In the topmost field, enter the alphabet seed, or the same string that the Huffman constructor takes in. You can then press Construct Tree to build the Huffman tree. Note: this operation uses the implementation of your Huffman constructor. You then should see your Huffman tree:

insert1

Note: For long strings, the resulting tree might have overlapping nodes. You can click and drag the nodes to move them around.

You can clear a tree and all of the variables by clicking the Clear Tree button.

In addition, the visualizer will display the Expected Encoding Length in the top right corner.

The visualizer supports compressing and decompressing strings. The visualizer may not act as intended with numerical characters, so please stick to non-numerical characters. You can do so by entering a string to either compress or decompress in the second row and clicking the compress or decompress buttons. The output will be displayed. In addition, the compression ratio will be displayed in the top right corner.

insert1

Style & Tests

The above parts together are worth a total of 100 points. Style and code coverage are graded on a subtractive basis with deductions as specified in the Setup and Logistics section of the writeup, and you will be graded according to the CIS 121 style guide. Gradescope will give you your grade on this section immediately upon submission to either autograder.

IMPORTANT: Please DO NOT use any external files (.txt, etc.) to write your JUnit tests for this assignment. Our code coverage tool will fail, and you will not be able to submit your code due to failing test cases.

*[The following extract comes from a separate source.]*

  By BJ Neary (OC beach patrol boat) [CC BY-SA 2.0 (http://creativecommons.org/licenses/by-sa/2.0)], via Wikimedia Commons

You will need to write comprehensive unit test cases for each of the classes, inner classes, and methods you implement (including helper methods!) in order to ensure correctness. Make sure you consider edge cases and exceptional cases in addition to typical use cases. Use multiple methods instead of cramming a bunch of asserts into a single test method. Your test cases will be auto-graded for code coverage. Be sure to read the testing guide for some pointers on what level of testing we expect from you. Finally, due to the Code Coverage tools we use, please be sure to use JUnit 4 as it is the only version supported.

Note: You will not be able to write JUnit test cases for any private methods. Instead, make them package-private by leaving off any privacy modifier (i.e., do not write public or private).